Dr. Michael T. Watkins worked on developing new ways to repair thoracic aortic aneurysms, as well as addressing complications that occur after restoring blood flow in patients with critical limb ischemia.
Thoracoabdominal aneurysms are particularly difficult to treat. Located in the chest and abdomen, they usually begin close to the large blood vessels supplying the brain and arms and terminate near the major vessels supplying the kidneys, intestines, and lower extremities. Open surgical repair is the primary treatment for complex thoracoabdominal aneurysms, but this can cause spinal cord injury. Dr. Watkins is developing a drug to treat and prevent possible spinal cord injury following surgical repair of aortic aneurysms in the thorax.

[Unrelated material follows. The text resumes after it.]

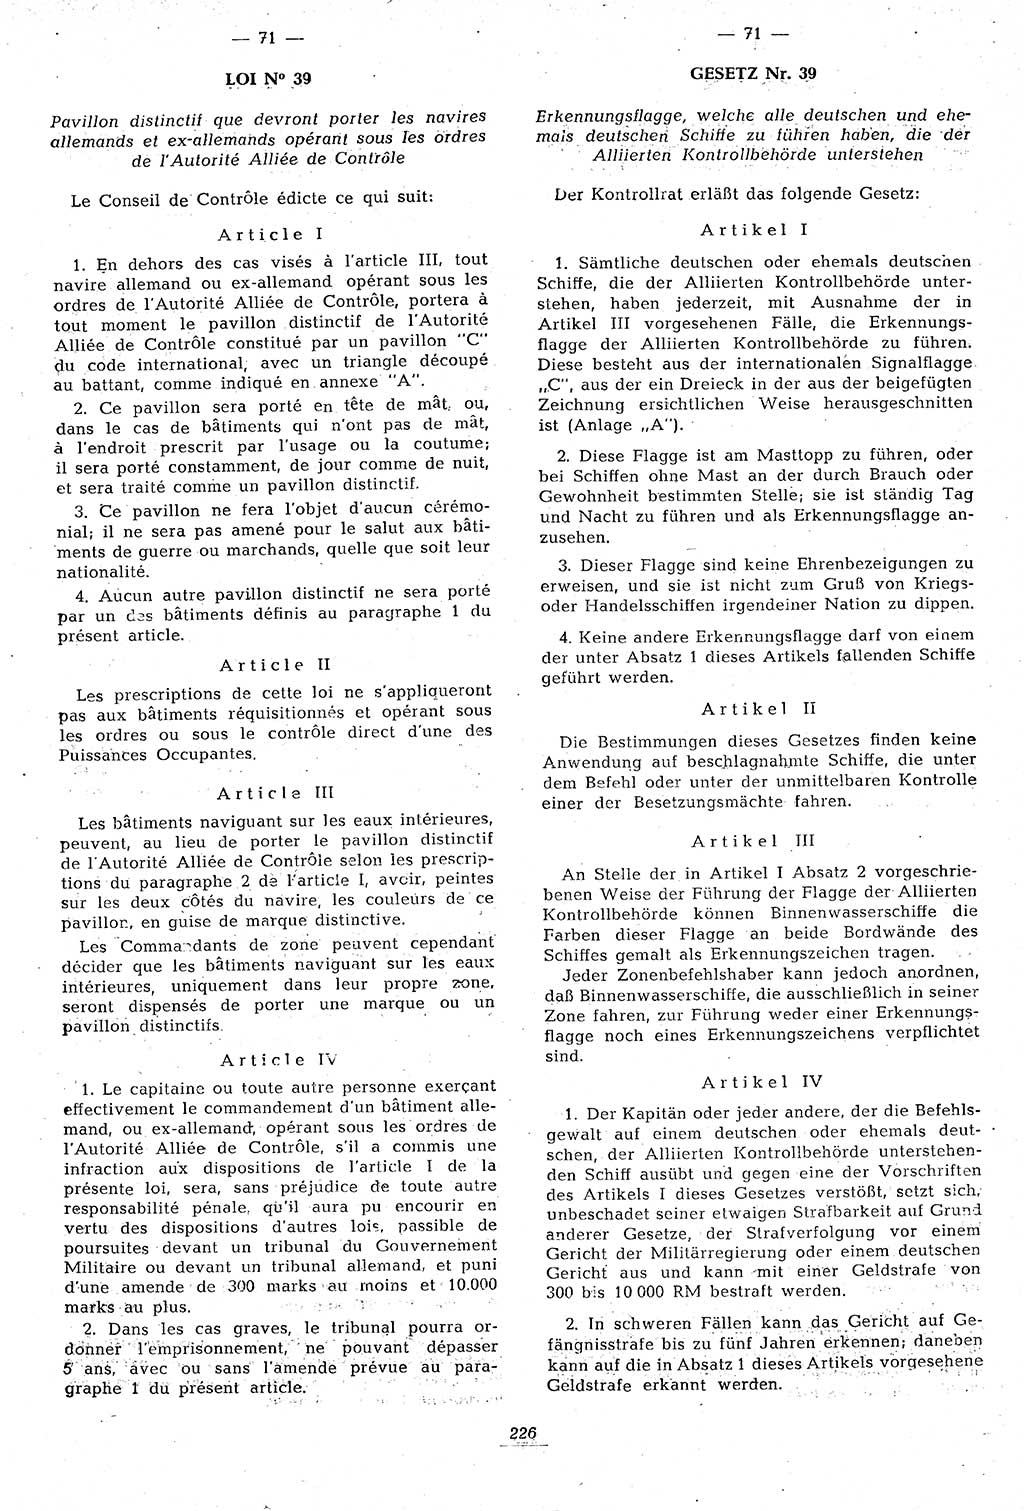 Amtsblatt des Kontrollrats (ABlKR) in Deutschland 1946, Seite 226/2 (ABlKR Dtl. 1946, S. 226/2)

Dr. Watkins also studied why tissues become damaged after blood flow is restored in patients with peripheral artery disease (PAD), which can cause chronic inflammation and even strokes. Dr. Watkins worked on developing new treatments that will save patients’ limbs without complications.
After receiving the Wylie Scholar Award, Dr. Watkins became the Director of the Vascular Research Laboratory at Massachusetts General Hospital, which has received grants from the NIH and American Diabetes Association. With extensive teaching experience and being a national lecturer about vascular research, he was also appointed to the Harvard Medical School Faculty Council.